Since SMIT Salvage joined Boskalis, the specialist knowledge and expertise of the company has been used very regularly during salvage operations. The refloating of the enormous container vessel Ever Forward – a slightly smaller version of the Ever Given, which was refloated last year in the Suez Canal – in the access channel near the American city of Baltimore once again demonstrated the value of working together.

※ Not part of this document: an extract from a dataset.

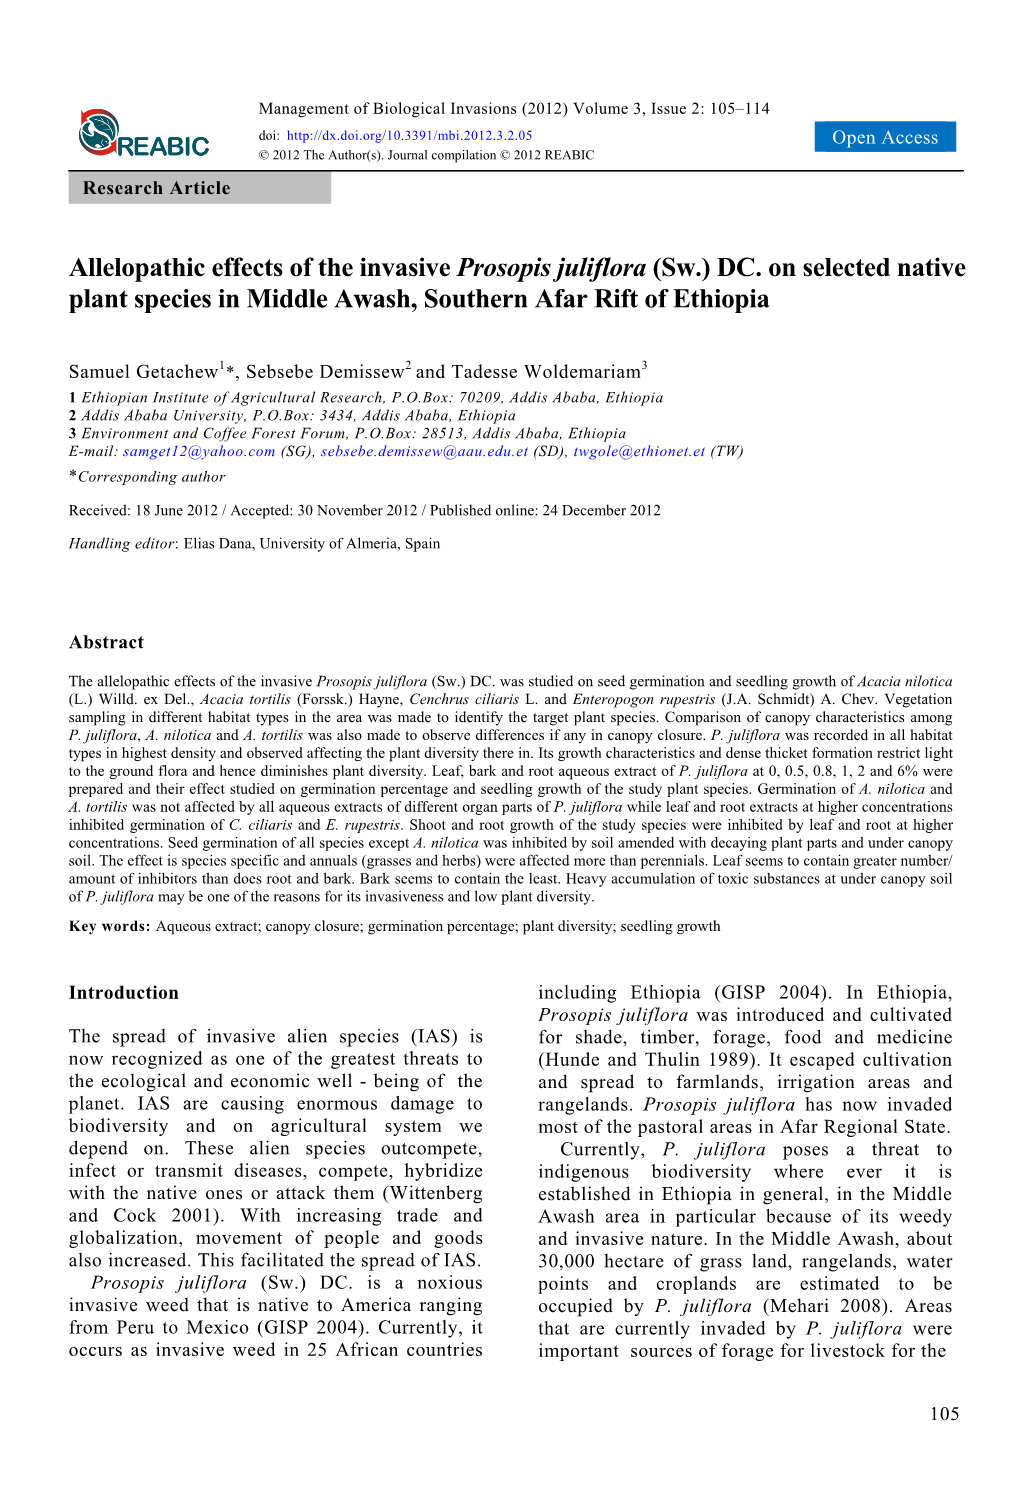 Allelopathic Effects of the Invasive Prosopis Juliflora (Sw.) DC

People’s first thought of refloating a grounded container vessel is deploying heavy tugs. A less obvious thought is to dredge around the ship. Yet that is what salvage master Chris Bos realized quickly after arriving at the scene. And so his colleague Peter Niemantsverdriet from Boskalis’ Dredging Division also boarded a plane to Baltimore. Although salvors are experts in many fields, when it comes to dredging Boskalis has many more specialists. Because the Ever Forward had missed the bend in Baltimore’s access channel to the Atlantic Ocean and dug itself in the bed of soft, clinging clay, dredging was inevitable. However the local authorities demanded that dredging should not go too deep, because of concerns about the turbidity that would cause in the water and the impact that would have on the environment.
Memo to the US Navy
Bos: “We first did the best we could and dredged what we were allowed to do. But things turned out as we expected: it wasn’t enough. We drafted a memo and sent it to the US Navy, who had to grant permission to dredge deeper. That request was approved and so we could move ahead.” In the end, just under 110,000 cubic meters of clay was dredged to free the Ever Forward. After three attempts to refloat the vessel free, the salvage team got it back facing the right way. “The last attempt was successful due to a combination of the earlier dredging work and the fact that 500 of the 5,850 containers had been taken off the vessel, reducing the draft.”
Just eight hours
The refloating itself was not an easy operation. Because the channel is relatively narrow and the Ever Forward is one of the largest category of container vessels, the channel had to be closed to other shipping traffic for a time. The salvors were given permission to connect the tugs to the Ever Forward from midnight to 8:00 am. “You have to be able to explain clearly why you do certain things. Which is why it’s great to have so many specialists at Boskalis to work with and draw up a plan,” says Niemantsverdriet. Bos adds: “We need that plan to make it clear to the client or the other parties involved that a vessel won’t be sailing again ten minutes after the start of a refloating operation. But also to explain why you have to dredge deeper than is actually allowed. If people ask why, you need to have an answer.”
Bos thinks there will be more collaboration to come in the future. And not just with colleagues from the Dredging division, who also helped with the salvage of the Ever Given in the Suez Canal. “Since we joined Boskalis, we have been trying to use the knowledge and expertise at the company as much as possible and actively look for ways to work with other divisions and business units. It would be a shame not to make the most of the specific knowledge. We already collaborate a lot with colleagues from Hydronamic and with Research & Development, for example in the development of a dynamic sawing system that we needed for the salvage of the Baltic Ace.”
In the future, even more alliances could be organized around the activities of the Salvage division. Take, for example, the presence of coral in places where vessels get into trouble. Bos: “We already work with a reef expert on occasion, but I can easily imagine that Boskalis will be employing somebody like that within a few years. And of course we will be happy to use his or her knowledge.”